1
votes

Best

At this moment I'm using Boto3 in python 2.7 and what I would like to have is: The column headers of my specific DynamoDB table.

At this moment,I'm dealing with a very large dynamoDB table, with 80 columns and + 1.00O.000 records. And the task which I've is, to manipulate these data. To do this, I'm making use of chunks. This means that I'm retrieving each time 1000 rows, from my data-table and manipulate them and write the new result to a csv. (This is required, by some reasons).

But because I'm using chunks, it can be that not every chunk contains 80 columns, this means that it sometimes can contain 79 or 78 columns. This happens when there are no values available for a specific column in a chunk.

And this isn't desirable because at the end of the day, all those csv's should been concatenated again to each other, and therefore, each csv should contain the equal amount of columns.

Thus my idea, which I've is : Add empty columns to the chunk-csv's who doesn't contain all the required columns.

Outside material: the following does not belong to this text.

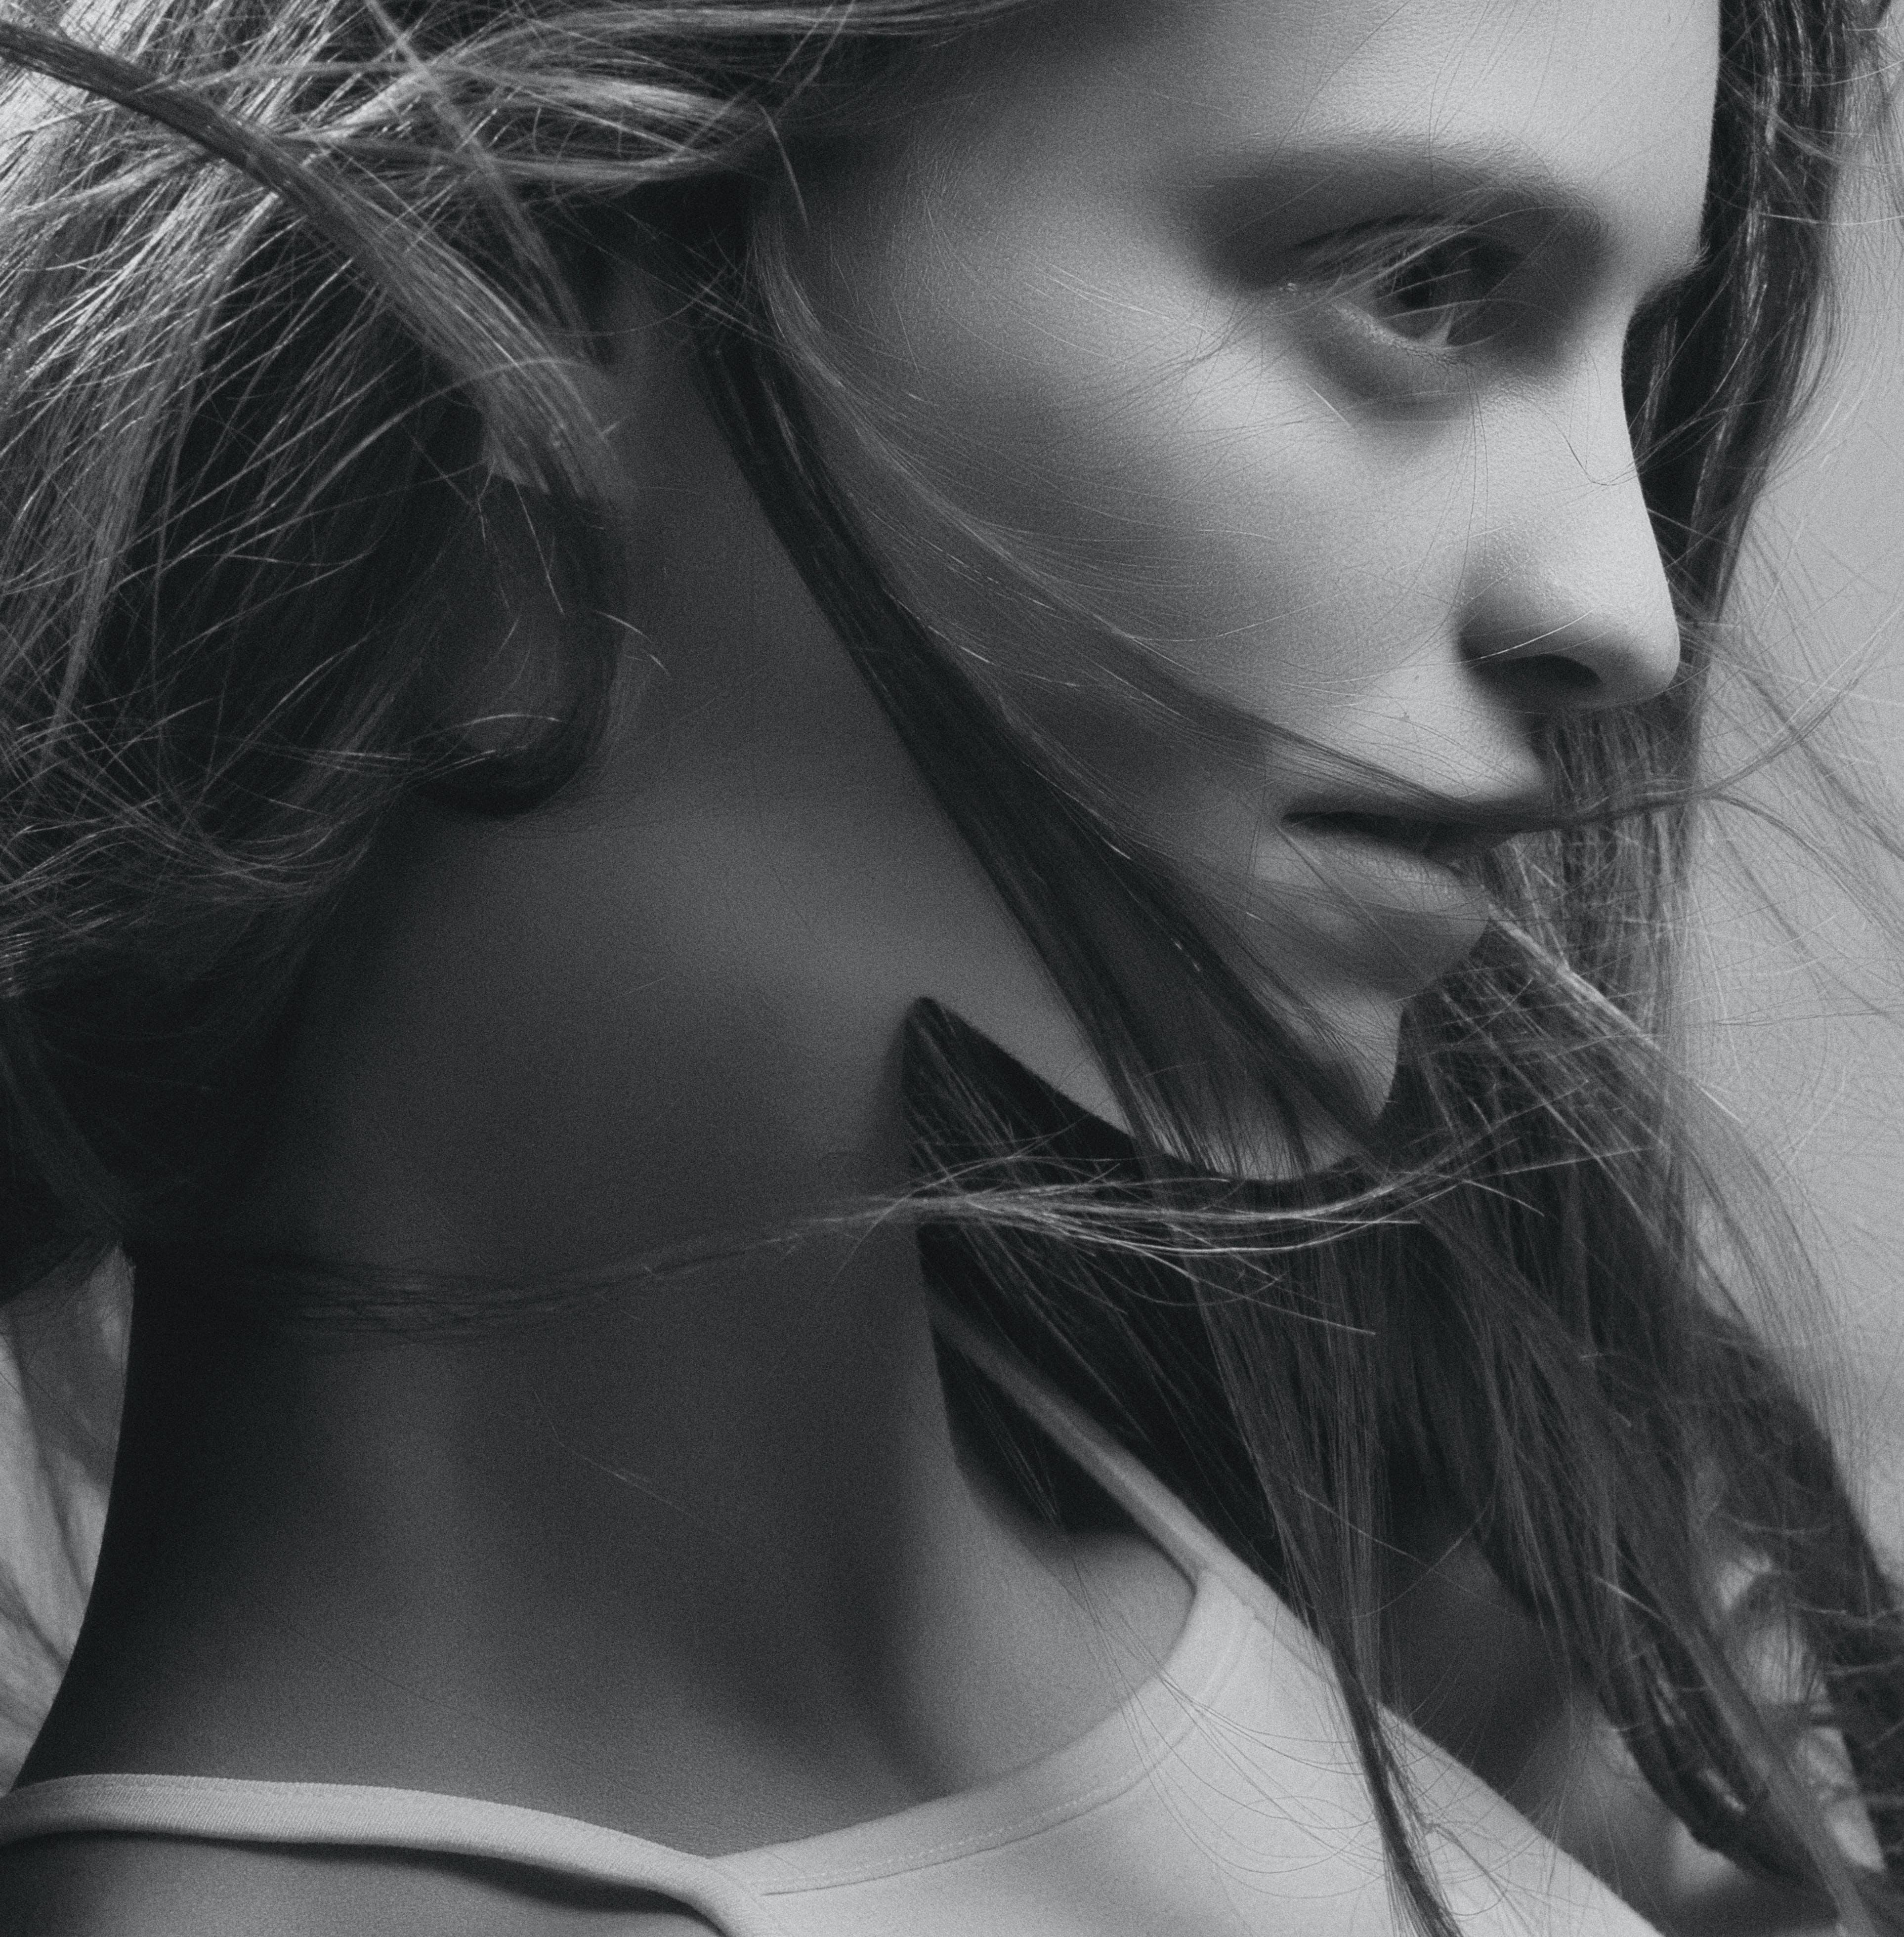 Free stock photo of black and white, girl, portrait, studio

But therefore, I've to know, what the headers, attributes, field names are from my table (or the structure) + The thing is, those column headers are dynamic, there can't be a static list of headers And it can be, that suddenly new records are added with a unique column, (which means that the next time, I would receive 81 columns for each of my csv's) - Thus those header knowledge should come from my table / amazon aws

Kind regards

1
I think it is not possible to get the attribute names from all records and collate it without reading all the items from the table.notionquest

1 Answers

7
votes

You can get some of the info you are looking for by using the attribute_definitions attribute of a Table object, like this:

import boto3
ddb = boto3.resource('dynamodb')
table = ddb.Table('MyTable')
attrs = table.attribute_definitions

The variable attrs would now contain a dictionary of all of the attributes you explicitly defined when creating the table which normally is only the attributes that are used as keys in some index.

However, since DynamoDB is schema less you can store any combination of other attributes in an item in DynamoDB. So, as the comment above states, the only way to know all attributes used in all items is to iterate through all of the items and build a set of attributes found in each item.